Khodja Nasreddin in Khiva

A Gourmet Adventure

If you are ever overwhelmed by an urge to escape Moscowand visit an exotic land to enjoy bountiful quantities of delicious food and copious amounts of entertainment, but you only have one evening to spare and $50 in your pocket, then sidestep the customs and baggage claim queues and retreat to the restaurant, Khodja Nasreddin in Khiva. One step inside the door and you enter the enchanting world of Uzbekistan and the ancient city of Khiva.

After being greeted warmly by the restaurant staff in traditional Uzbekistan dress my fiancé and I were escorted to our table across a small “bridge” where you get a panoramic view across the roof tops of the city. This replica is quite remarkable and includes mosques, minarets, portals and cupolas. The restaurant is an intriguing clutter of ornaments and artefacts, mats, tea rooms and both open and intimate dining areas. Conventional tables exist but it is worth trying the more interesting low tables for the more comfortable and traditional experience.

The restaurant has a second floor which, we were told by the restaurant’s manager, is a replica of Muhamad Rakhim Khan’s harem which was part of his palace. It is worth noting the unique photos of this business and military man on the walls of the entrance to the second floor dining area. We visited the restaurant late Saturday afternoon and this floor was awash with children being thoroughly entertained by a variety of clowns.
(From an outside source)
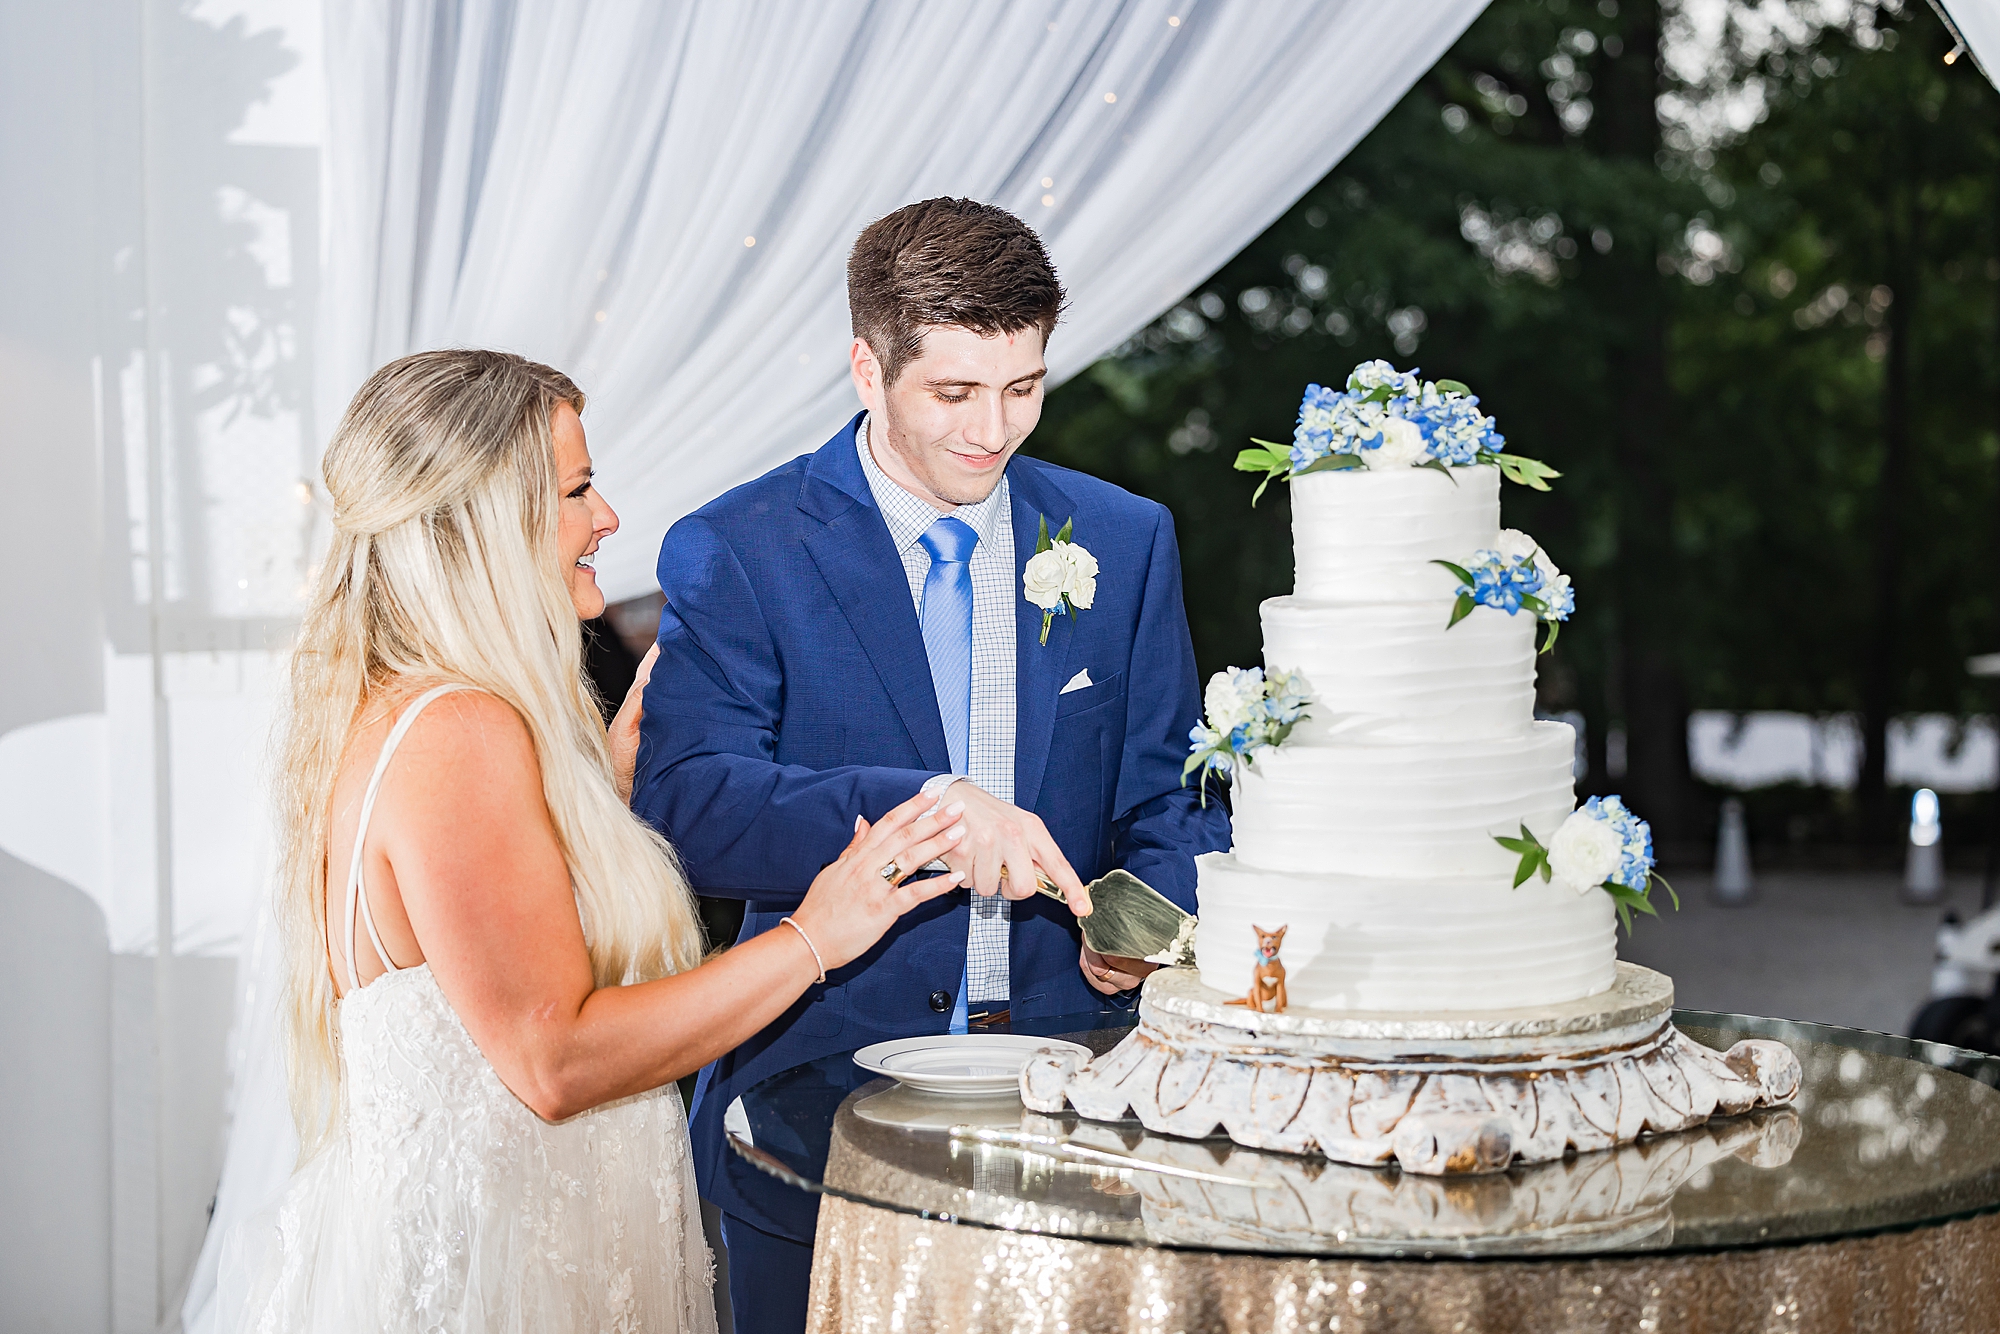 newlyweds cut wedding cake during Vintage White Barn wedding reception

The manager informed us that the shutters of this floor are always closed and the clocks remain stopped to give the impression of the non-existence of time, as it was during the Rakhim Khan’s era.
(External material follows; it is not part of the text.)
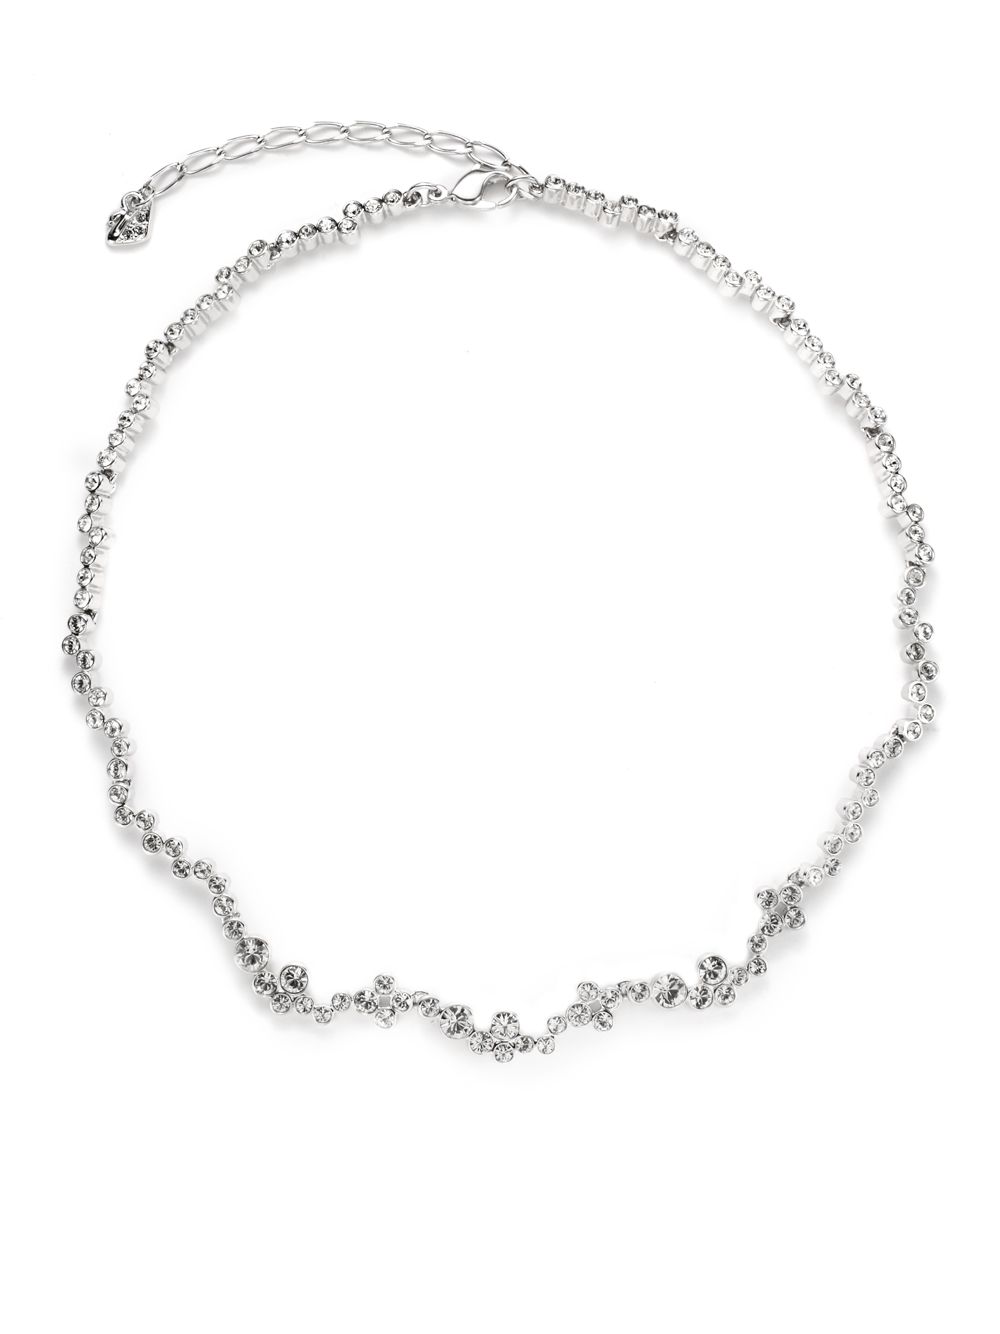 Lyst - Swarovski Sparkle Choker Necklace in Metallic

Returning to our table we removed our shoes and immersed ourselves in the array of cushions and pillows and lay dreaming of what life must have been like in Uzbekistan at the time of the legendary figure Khodja Nasreddin, as we prepared to select our meal.

The menu makes interesting reading and the numerous intriguing dishes offering almost every part of an animal’s anatomy are laced with stories and names of famous merchants, travellers and warriors who ate these dishes many years ago. The shashlik with sheep’s testicles will have the men crossing their legs when they order.
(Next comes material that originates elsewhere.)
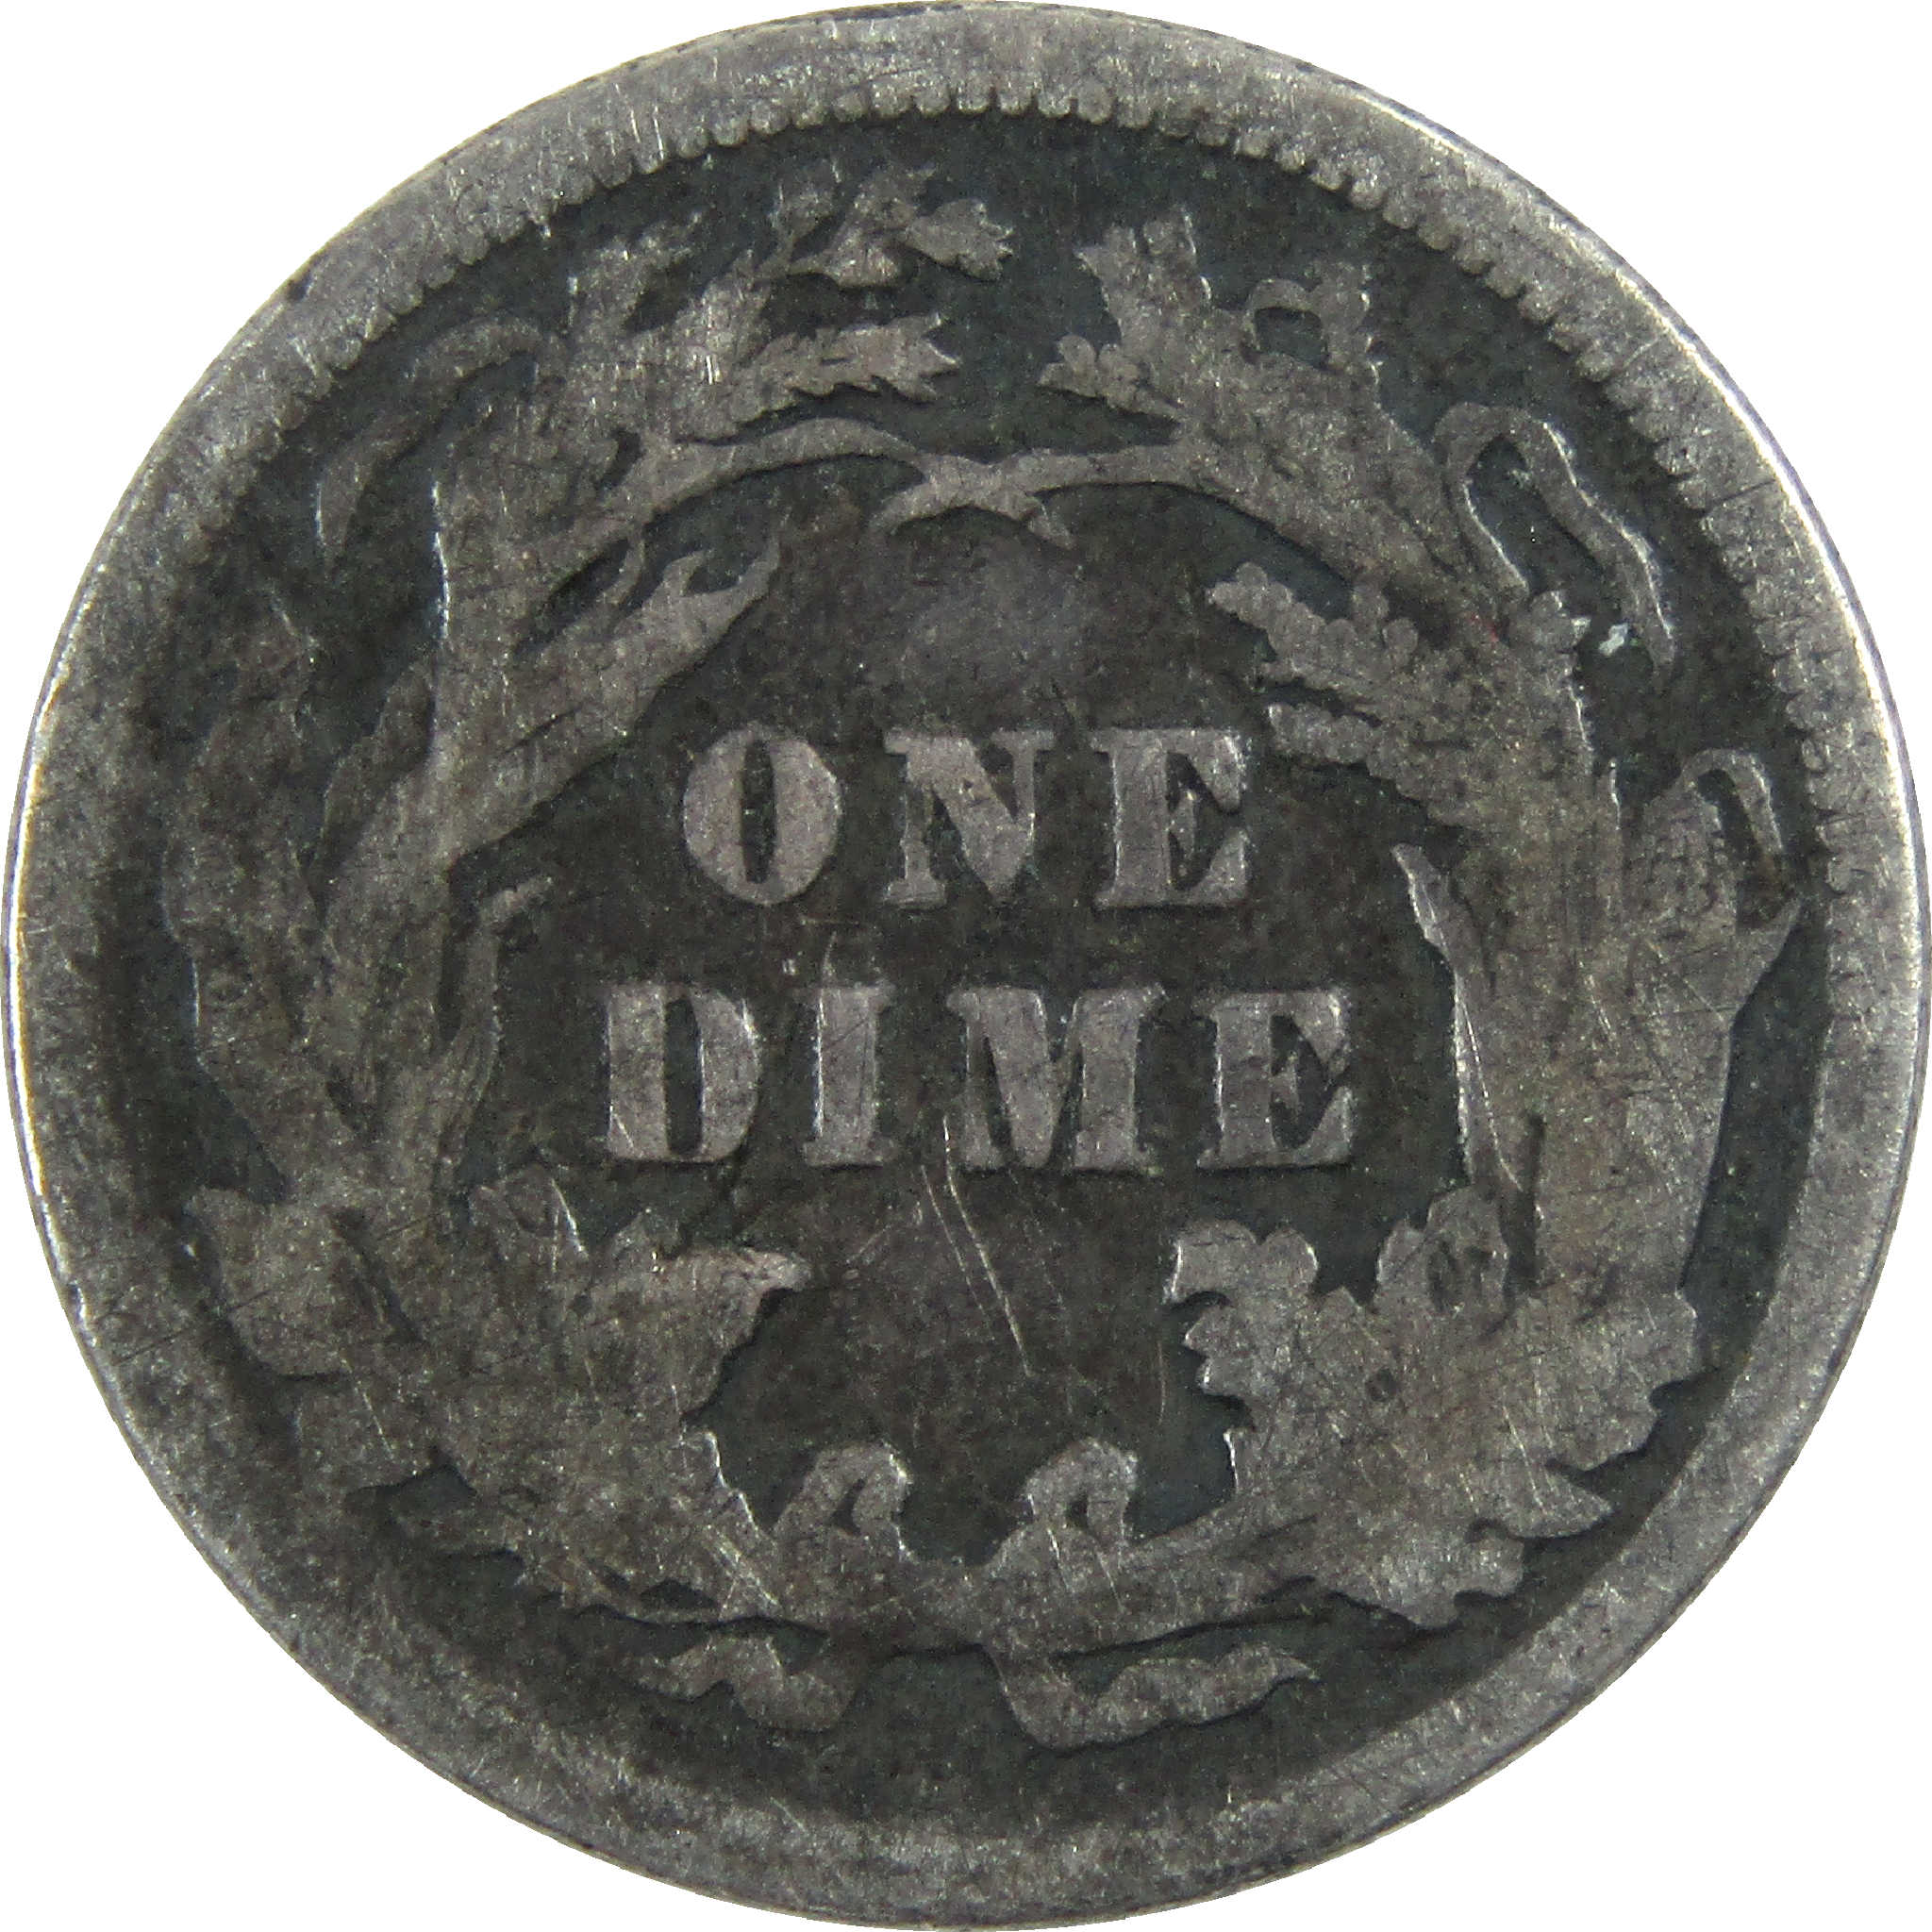 1891 Seated Liberty Dime F Fine Silver 10c Coin SKU:I12265

We both chose the salmon “Termez Style” ($12) with amber caviar for a cold starter and had the salmon “Muynaksky Style” ($18) with roasted spinach, and veal “Koreyka” ($26) for main dishes. We ordered bread “Cake of Khiva” ($3) which was freshly baked in the onsite Uzbekistan bakery and a side dish of pickled vegetables “Kyzyl-Kumsky” ($10).

This was all washed down with a glass of young Uzbek red wine ($13) a glass of “Le Sommelier” ($8) and raspberry fruit brandy ($3).

I have to admit that by this stage of the proceedings we were a little overextended, gastronomically, to attempt desert but a quick glance at the menu revealed an extensive and extremely tempting selection ($6-17).

In addition to the memorable meal the out-of-town experience to be had at Khodja Nasreddin in Khiva is further enhanced by entrancing belly dancing performances each evening and special one hour shows of dance, musicals andopera each Friday and Saturday nights commencing at around 22:00, all complimentary with your meal.